DATASET SECTION:

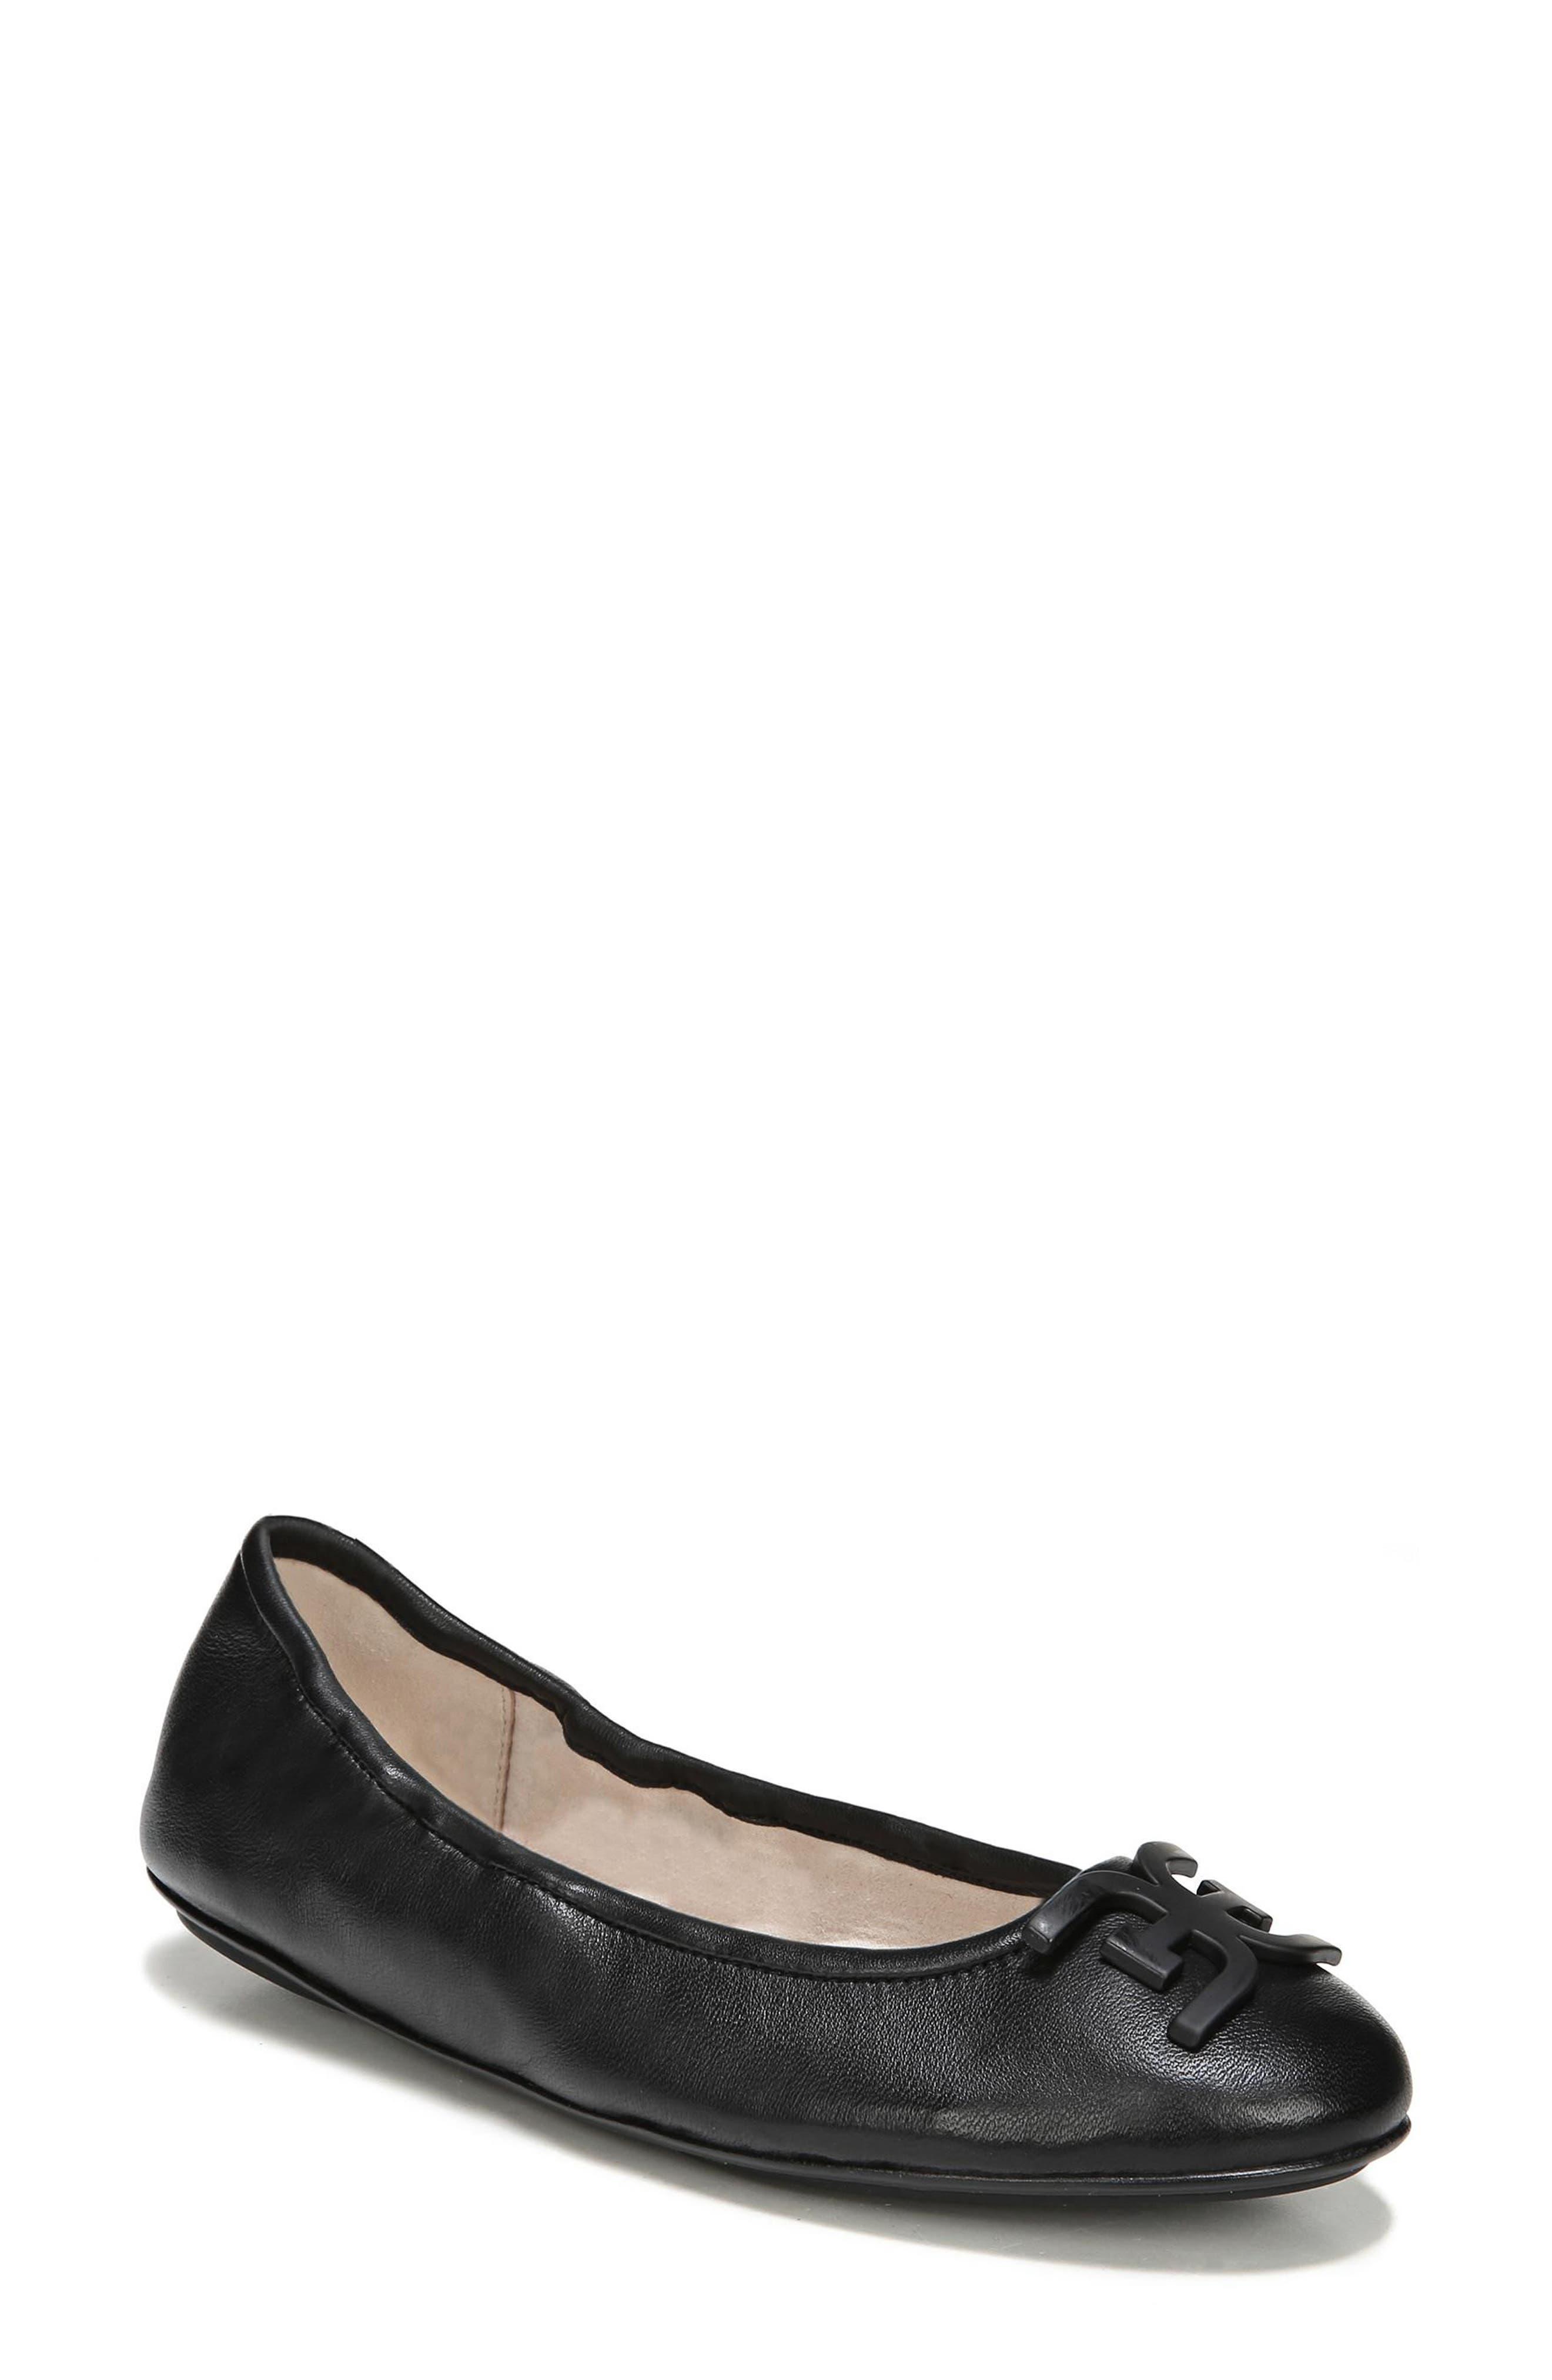 Florence Ballet Flat,                             Main thumbnail 1, color,                             Black Leather
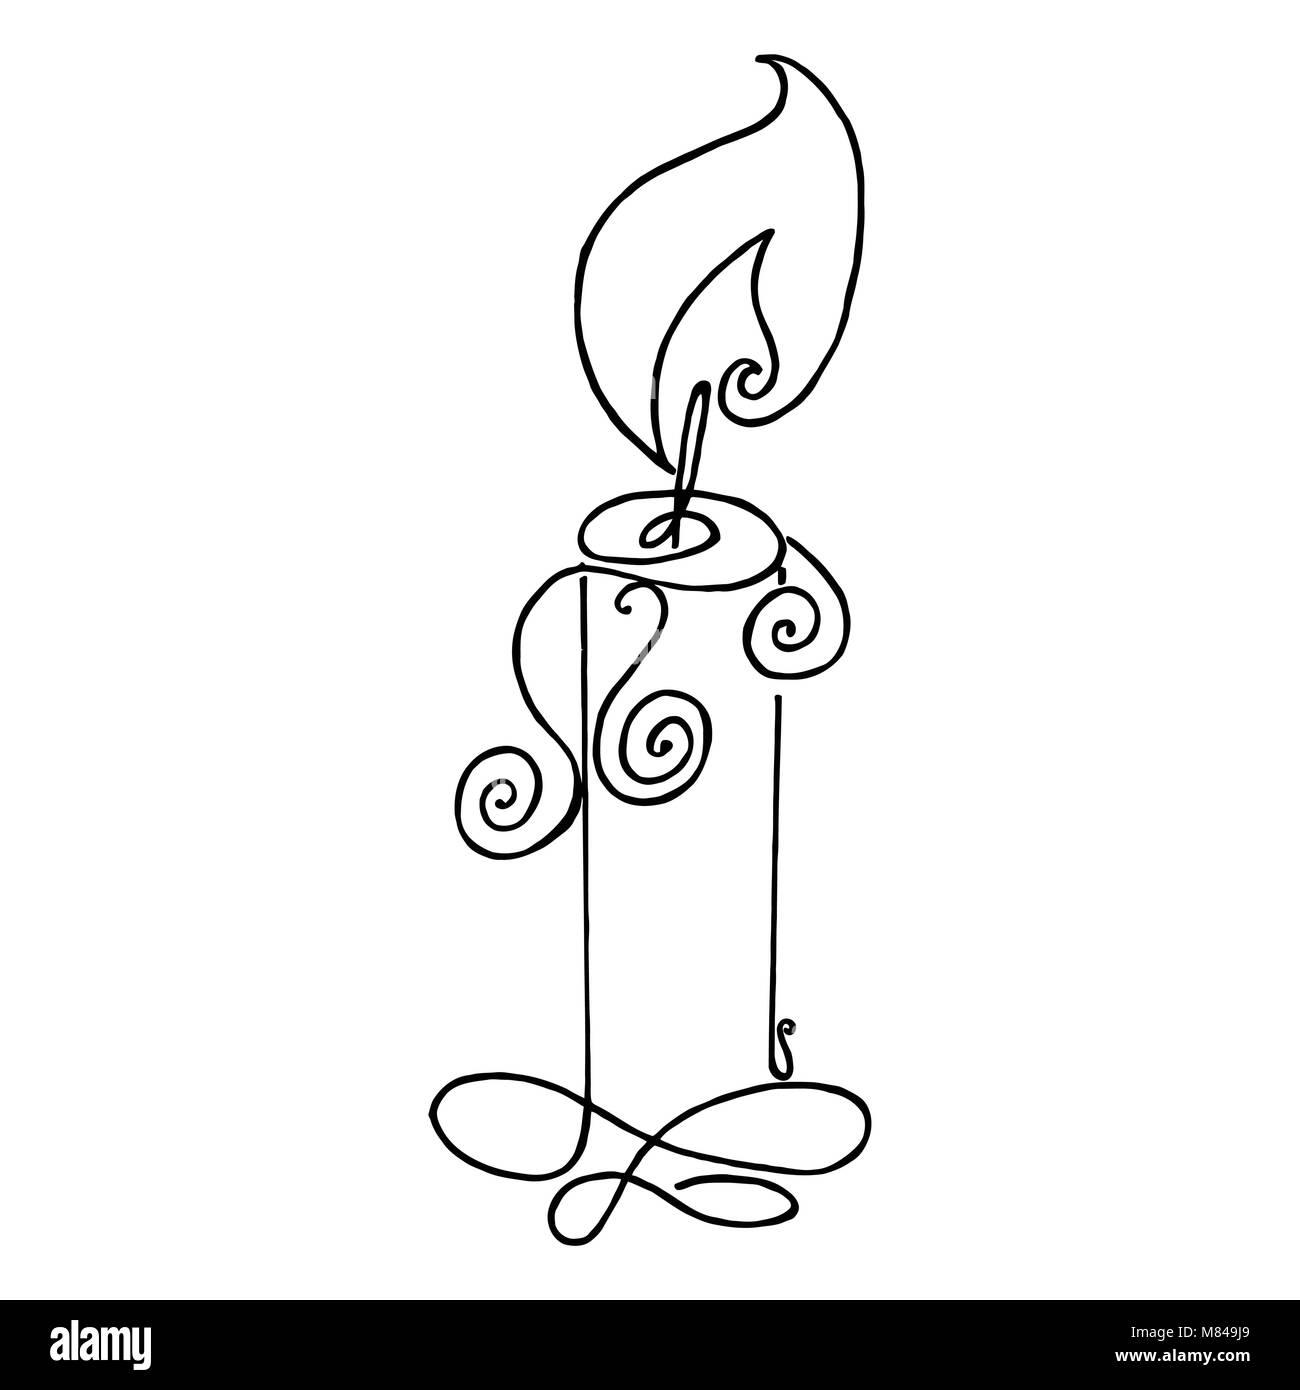 Candlestick Vector Vectors Imágenes De Stock & Candlestick Vector ...
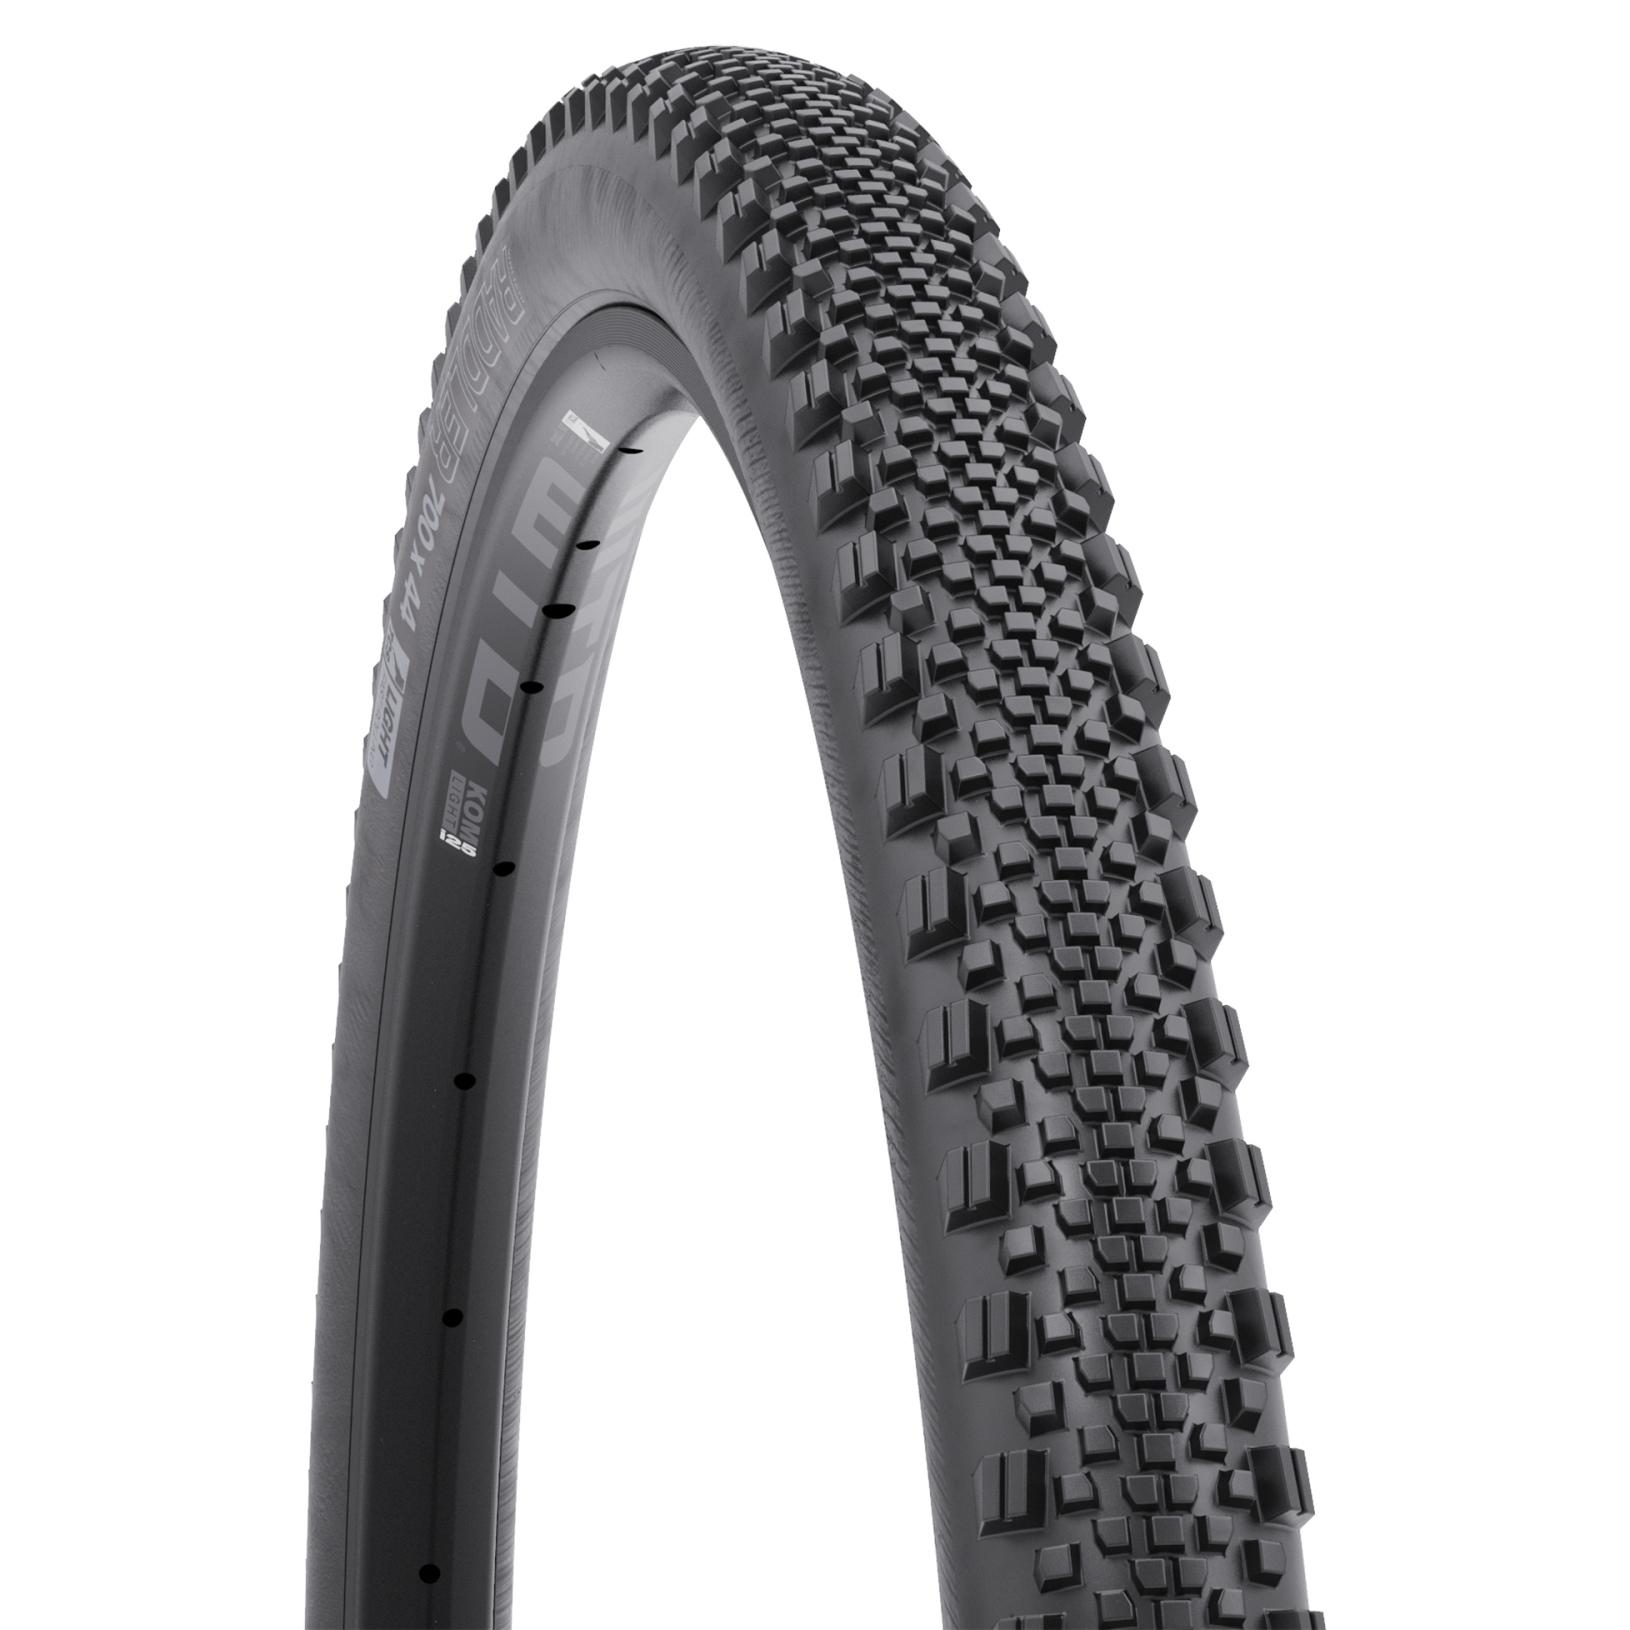 WTB Riddler 700 TCS Light/Fast Rolling Faltreifen - SG2 - 44-622 / 700 x 45C - schwarz

EXERCISE DETAILS:
Reproduce all of the material above word for word. Omit the pictures.

RESPONSE BOX:
 Florence Ballet Flat,                             Main thumbnail 1, color,                             Black Leather
 Candlestick Vector Vectors Imágenes De Stock & Candlestick Vector ...
 WTB Riddler 700 TCS Light/Fast Rolling Faltreifen - SG2 - 44-622 / 700 x 45C - schwarz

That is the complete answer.